EDIT: ALSO PLEASE PLEASE PLEASE offer DSG and 6-speed manual for S3/RS3 :thumbup:


----------



## djdub (Dec 30, 2001)

This concept is sexy as hell. Nice work Fourtitude. How epic would a small wagon RS3 be though with this look. omg...

Very nice though, I would make an exception for a sedan IF this was it...


----------



## djdub (Dec 30, 2001)

Here, let me help...hopefully this is ok to post. Just need to have some photoshop the front clip with the new one from the RS4 and I think it would be something close.


----------



## jamerican1 (Dec 8, 2005)

oh god yes please


----------



## JOES1.8T (Sep 8, 2003)

Love the RS3 models, see them quite a bit running around town here in Stuttgart. I can't wait to order either A/S/RS3 model when I move back to the U.S. in about 2 more years


----------



## cyberpmg (Nov 27, 2001)

I think the RS3 could very much be my next car of choice! Love the work done on the sedan. That would be my choice in a manual transmission.


----------



## RvDUB (Apr 25, 2002)

Bring it ! We need to get a petition going to bring the RS3 jsut like the guys did to get the TTRS here!


----------



## MOTIONblur (Apr 16, 2004)

I'd put a deposit on it right now if Audi would confirm this car!


----------



## kiznarsh (Apr 10, 2007)

MOTIONblur said:


> I'd put a deposit on it right now if Audi would confirm this car!


x2

I _really _love the way they look in red, even the 2013 S4 looks really nice in it. And yeah, even though it's "arrest me red," I feel like it just fits so well with the overall styling.


----------



## dmorrow (Jun 9, 2000)

MOTIONblur said:


> I'd put a deposit on it right now if Audi would confirm this car!

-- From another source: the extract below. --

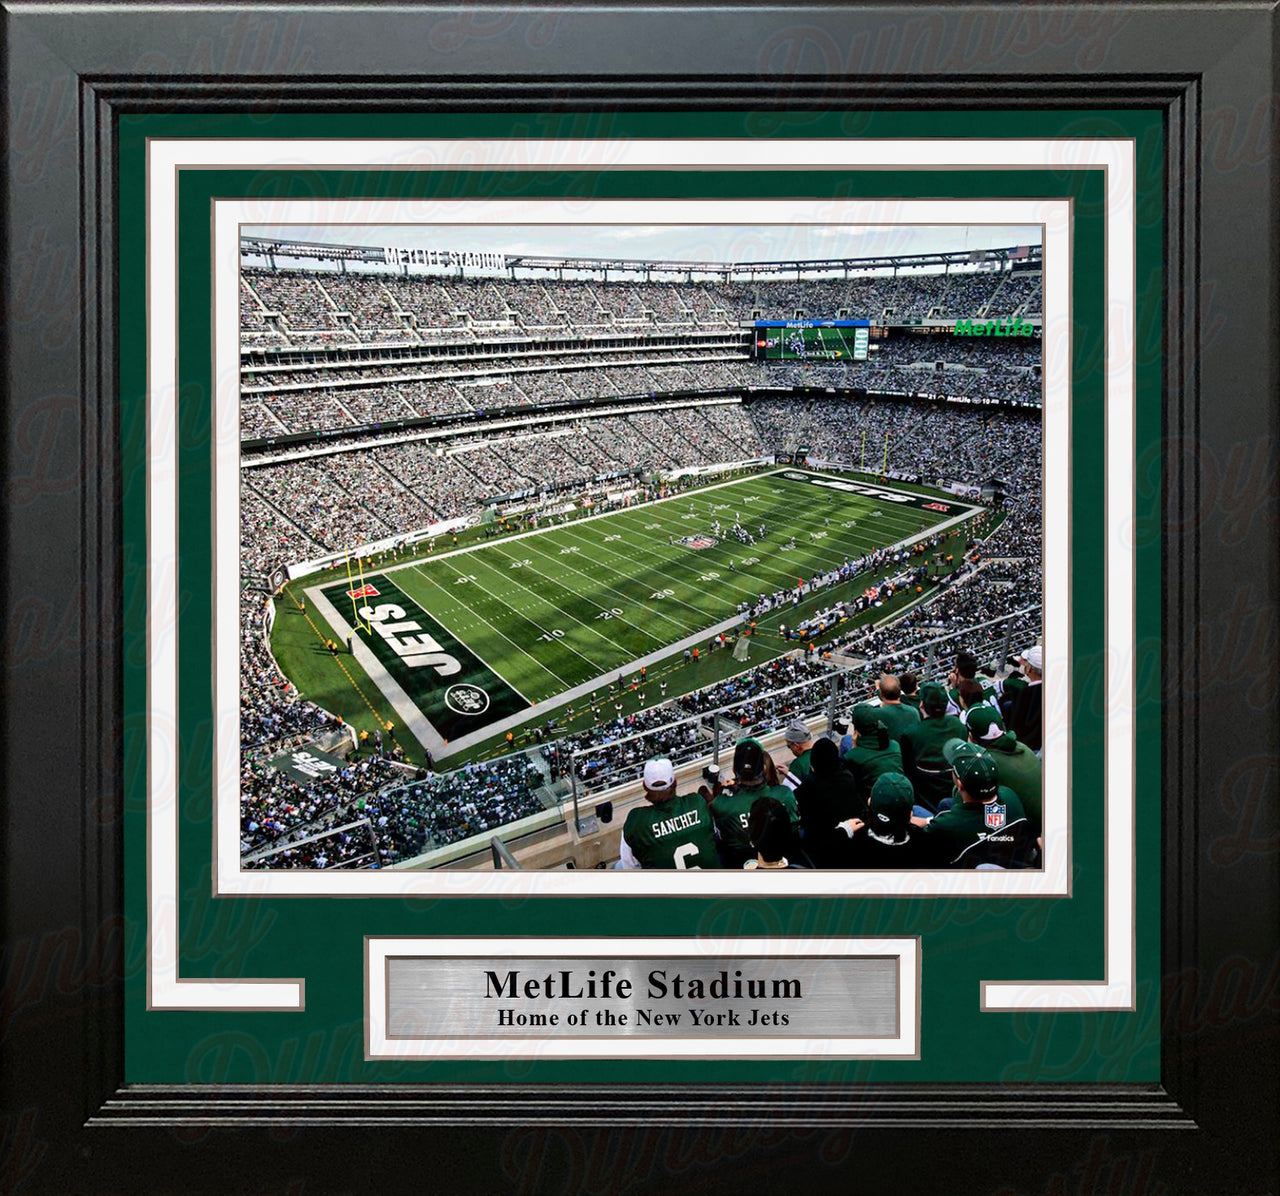 New York Jets MetLife Stadium Aerial View 8" x 10" Framed Football Photo - Dynasty Sports & Framing

No thanks. I would need to know MSRP and when it would be here. The deposit held for years, hoping for a reasonable price isn't for me.


----------



## FractureCritical (Nov 24, 2009)

the article suggest that Audi would use a hotted version of the 2.0T at around 260 HP. Audi really needs to step up the game in the engine bay. Paying extra for an S3 so that it can keep up with the basest engine available in the BMW 1/3 series is not a good marketing ploy. A proper S3 should be pushing around 280-300 HP to raise eyebrows.


----------



## [email protected] (Apr 9, 2004)

FractureCritical said:


> the article suggest that Audi would use a hotted version of the 2.0T at around 260 HP. Audi really needs to step up the game in the engine bay. Paying extra for an S3 so that it can keep up with the basest engine available in the BMW 1/3 series is not a good marketing ploy. A proper S3 should be pushing around 280-300 HP to raise eyebrows.

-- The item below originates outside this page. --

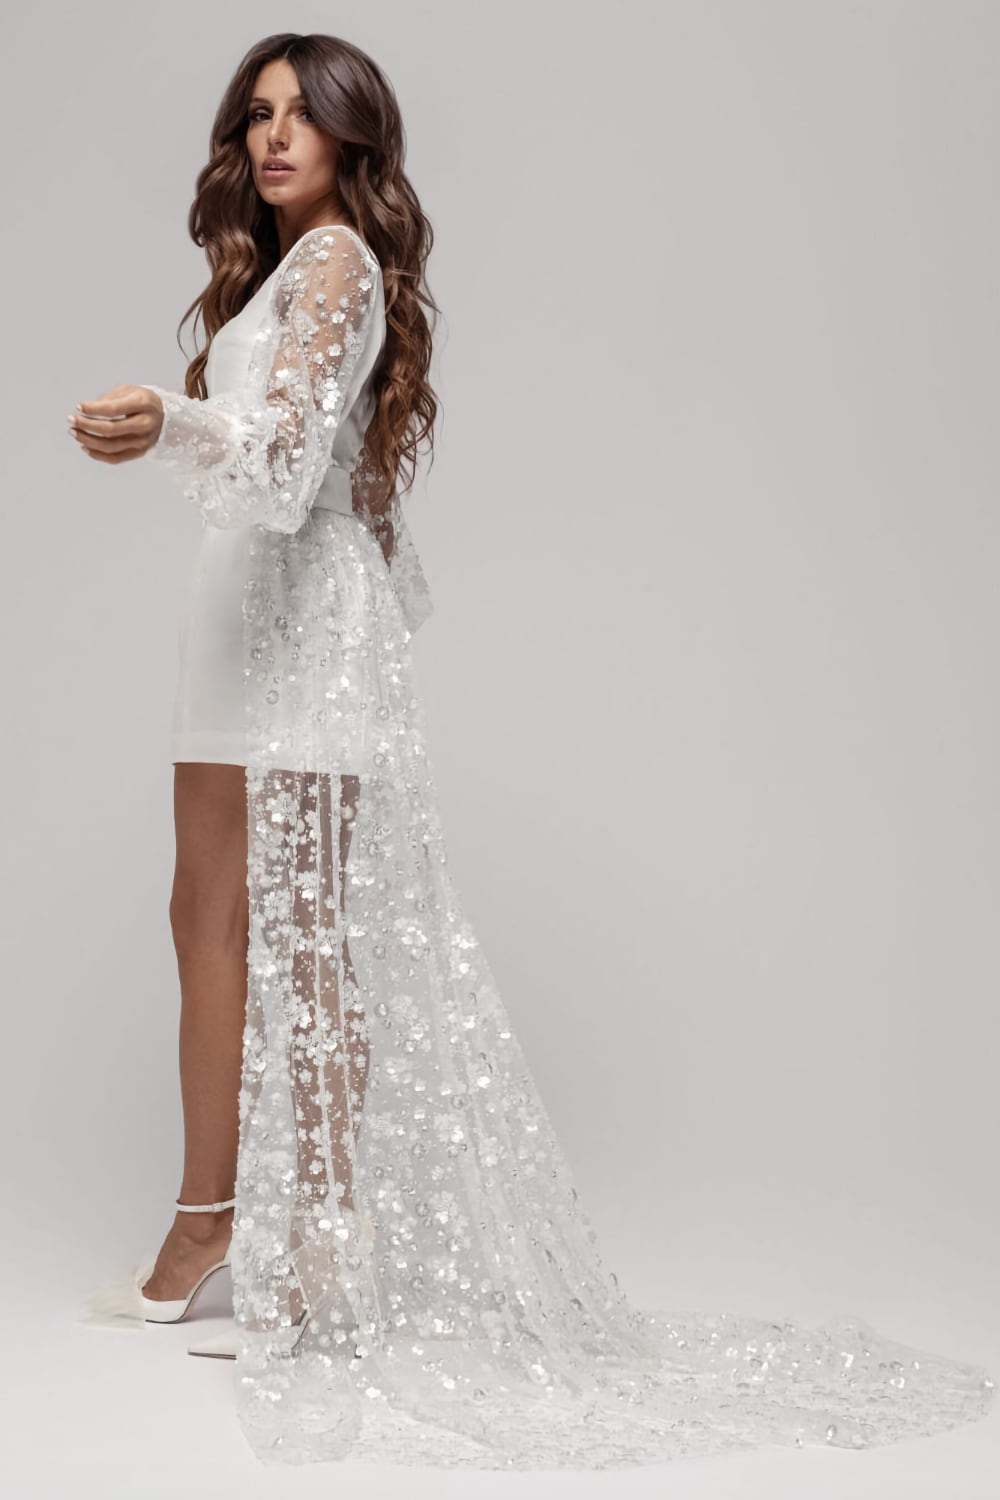 Meryl Suissa wedding dress @ Melody Nelson

 The intel we have at this point is obviously early and hopefully subject to change. We're always hoping for more power. The 3 series may not be the best comparison because it's a much bigger car, but your argument about the 1-series makes a good point. The 135 should be a target for S3.


----------



## Travis Grundke (May 26, 1999)

At this point I'm just hoping that we get a drivetrain combination that includes a 6-speed manual and quattro - and a release date sooner than two years from now. ;-)


----------



## Chimera (Jul 6, 2002)

[email protected] said:


> The 3 series may not be the best comparison because it's a much bigger car, but your argument about the 1-series makes a good point


 I consider the 3 series to be a very compact sedan (much more so than an A4). The A3 sedan will be significantly smaller than the current 3 series??


----------



## dmorrow (Jun 9, 2000)

If it ends up costing the roughly the same as a 3 series than it would be a direct competitor for me. I also don't consider the 1 series because it is 2 door with limited space. Won't the S3 be considerable bigger than the 1 series, at least between the 1 and 3 series? Is it even possible to carry 4 normally sized people in the 2 door 1 series for more than a short trip?


----------



## VWNCC (Jan 12, 2010)

Chimera said:


> I consider the 3 series to be a very compact sedan (much more so than an A4). The A3 sedan will be significantly smaller than the current 3 series??


 Yes, the A3 sedan will be significantly smaller than the 3 series. 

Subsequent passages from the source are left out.